On the outskirts of Chambery, on the night of October 6, 2023.

This world is full of cars and machines of all kinds. Some are used to move the techno-bourgeois, like the Tesla cars produced by one of the richest people in the world. There are machines for modern warfare, where humans hidden in an office use intelligent drones to massacre other humans hidden in a trench. And for the techno-bourgeois to get around peacefully, tapping away all day on their smartphones, the others have to massacre each other, because technology doesn’t just fall from the sky: wars are fought for it, and with it. Behind their ideological or ethnic character, the decisive stakes in the coming conflicts are also access to and control of energy resources and infrastructures.

And the shocks provoked by this already globalized war will boost the markets for electricity, technological convergence and nuclear power, while maintaining those for oil. Tell that to a techno-bourgeois in his Tesla, and he’ll probably grimace and say that he’s got nothing to do with it, that he’s just an environmentalist, and that you’re a conspiracy theorist. However, behind an ordinary electric car, and the electronic chips inside, this is the reality that’s hiding (i.e. that everyone pretends not to see). Behind every new technology, there are new slaves, new wars, and the ravaging of our world.

This world is full of cars and machines of all kinds, but that night, fifteen Tesla cars went up in smoke. It’s not much, but it’s still something the techno-bourgeois won’t have.

This world is full of cameras. For twenty years they’ve been popping up like mushrooms in the streets, in houses, on phones, in cars, and even on the heads of moronic hikers. In the streets alone, there are over a billion of them, and 9 on a Tesla. Our life is now a cold movie set in a nest of snitches. And yet: in European cities, there are 4 cameras per 100 inhabitants, in China it’s 37. Ah well, that’s all right then. Directional cameras, 360-degree cameras, on-board cameras, connected cameras, biometric cameras, algorithmic cameras, infra-red cameras: under the pretext of the war on terror, from outside or inside, surveillance cameras have become a guarantee of freedom. Because totalitarian measures often come with the label of democracy.

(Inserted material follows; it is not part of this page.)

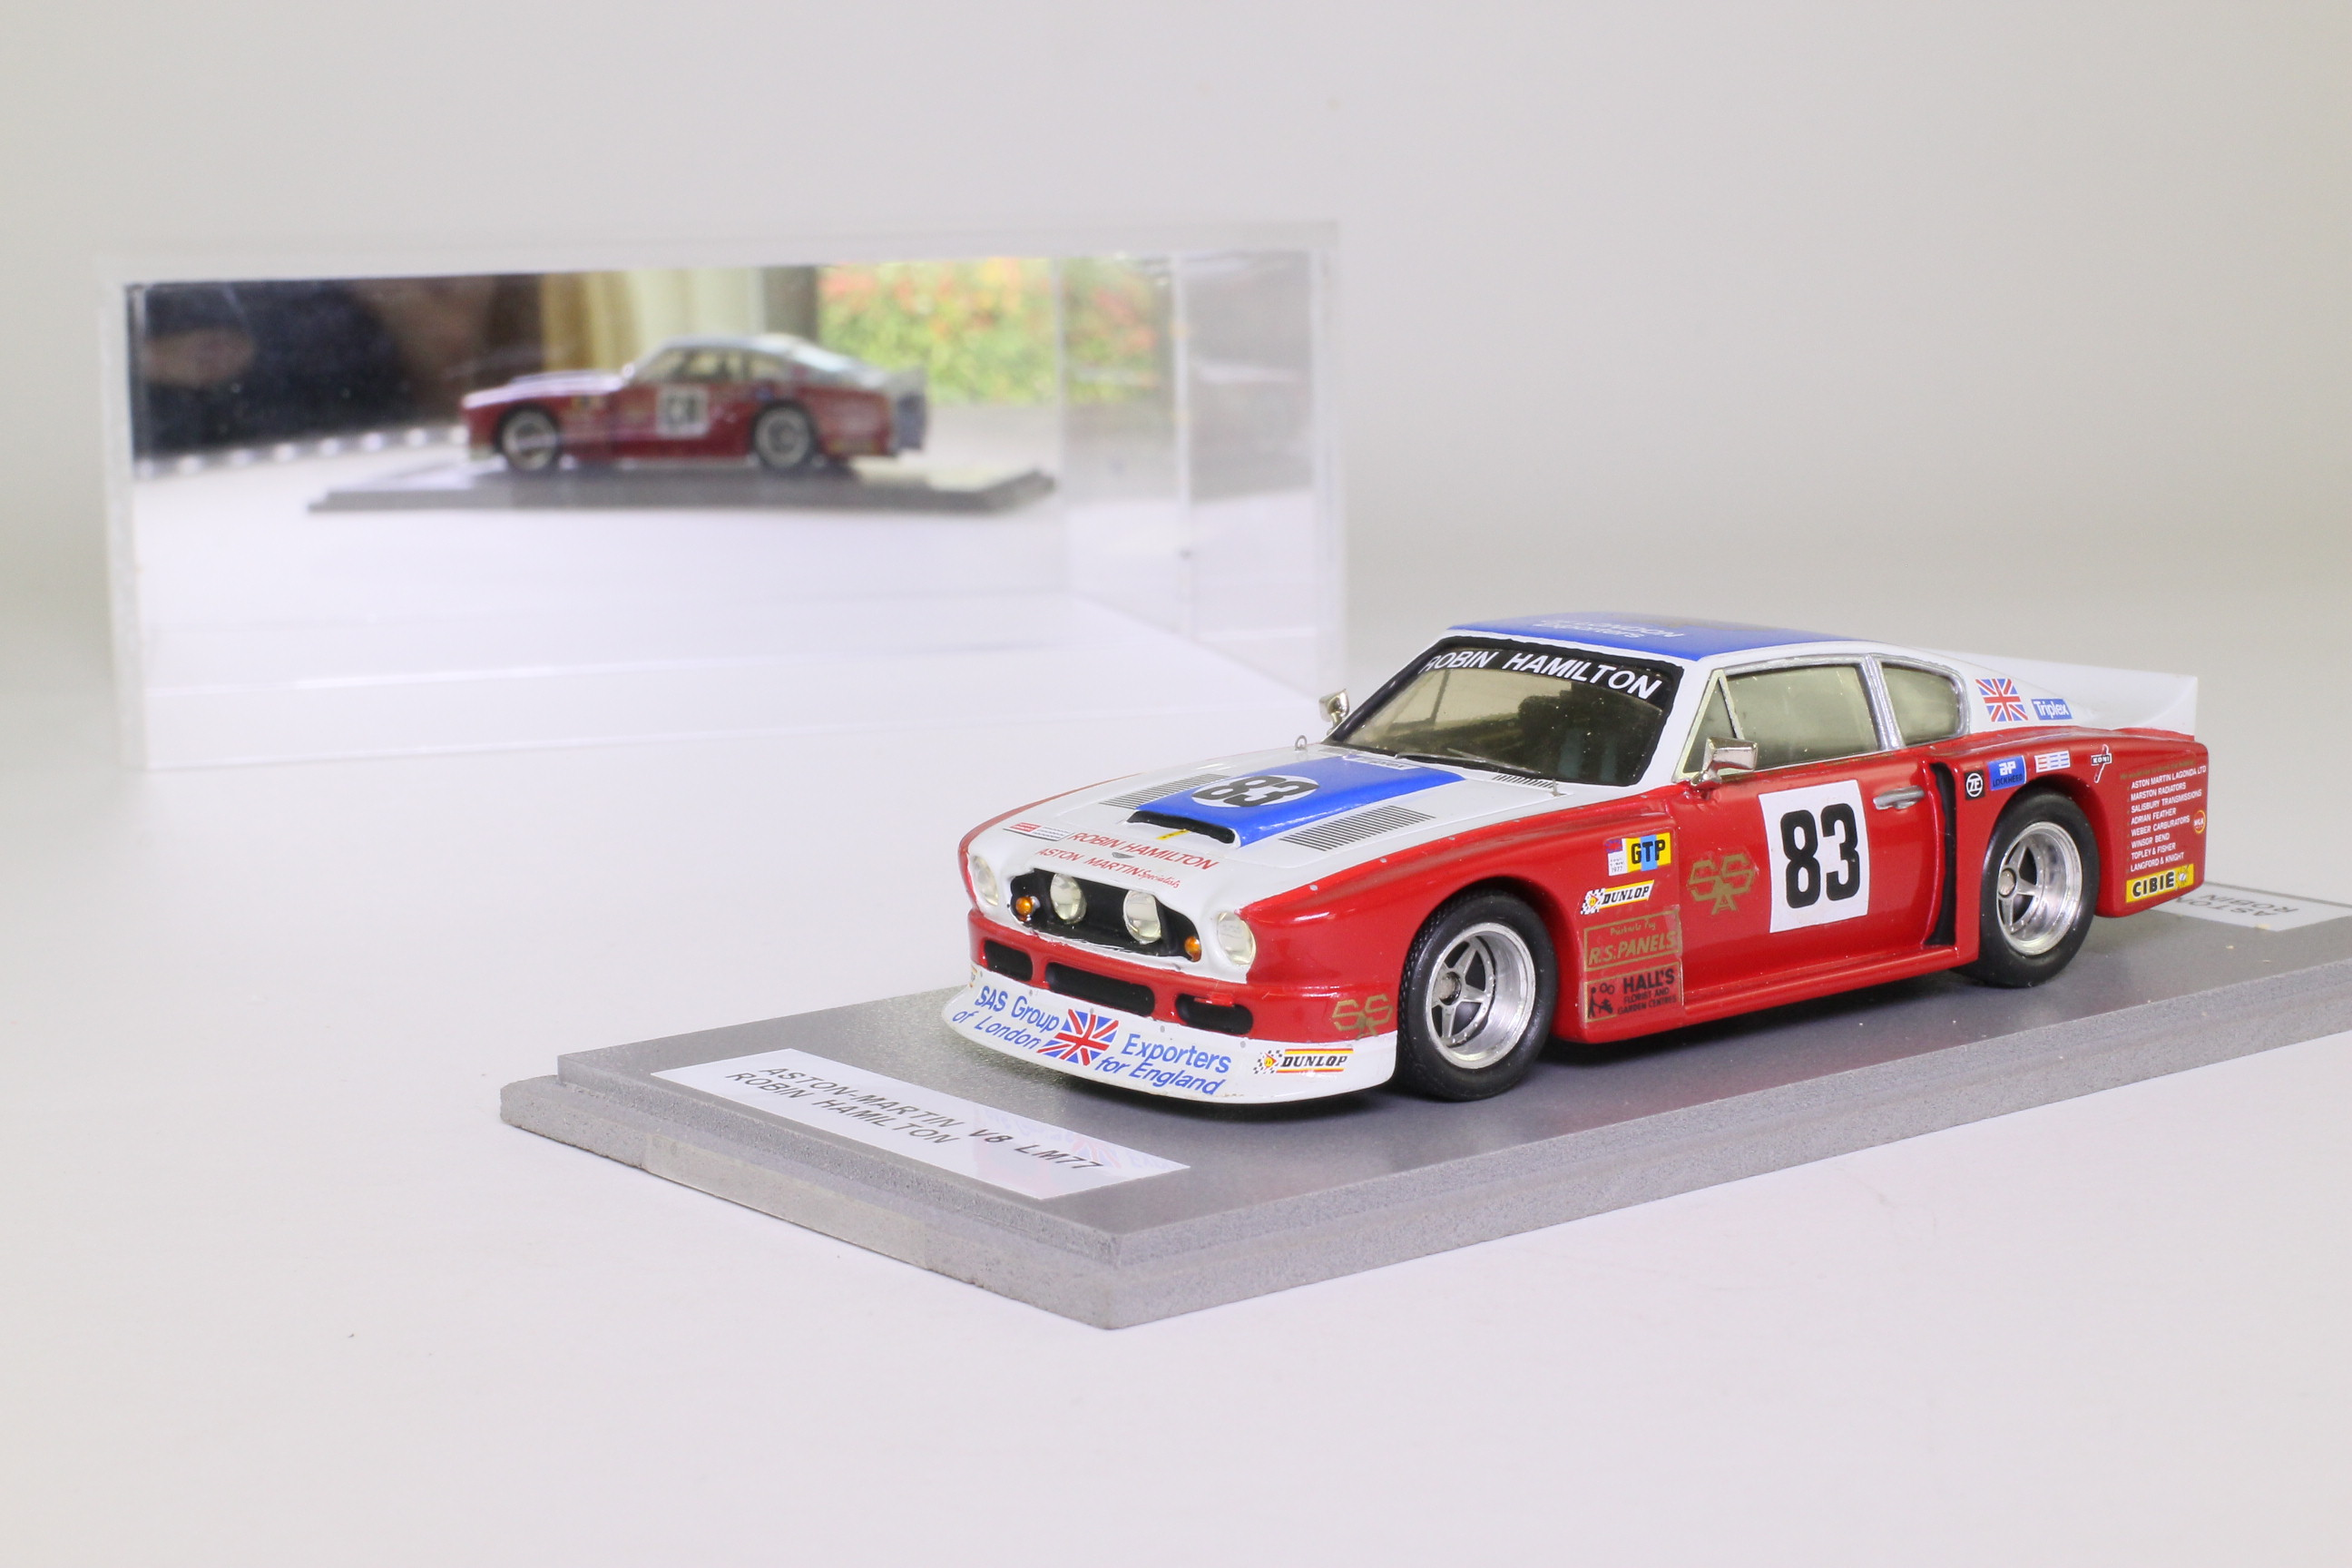 Provence Moulage; Aston Martin V8; 1977 24h Le Mans 17th; Hamilton, Salmon, Preece; RN83

And when they are embodied in ubiquitous technological devices, they accustom us to the idea that there is no room to manoeuvre, that nothing can be done under the eye of the cameras.

This world is full of cameras, but on this particular night, we broke through the enclosure of a building under video surveillance, hiding our features under hoods and umbrellas. And it took a good while for the first firemen and cops to arrive on the scene. It’s not much, but it was more than enough.

This world leads us to believe that there’s no hope of change. The ties between people are so artificial, so distended, the possibilities of freedom so slim. We’ve been condemned to die of boredom and solitude, on the pretext of not starving to death, but it’s not out of the question that in this day and age the three are compatible. Caught up in a present that repeats itself, life no longer has any meaning other than those we choose for ourselves by default: family, homeland, work, religion. These illusions produce solid, renewable cages. These days, there’s not much hope of change.

And yet, it was with the certainty that we could still shake up this world, encouraged by the continuing wave of anti-tech sabotage in Europe, and carried by the love for our companions that always fuels our little conspiracies, that we chose to take action that night.

a band of musk elks

 

Translated by Act for freedom now!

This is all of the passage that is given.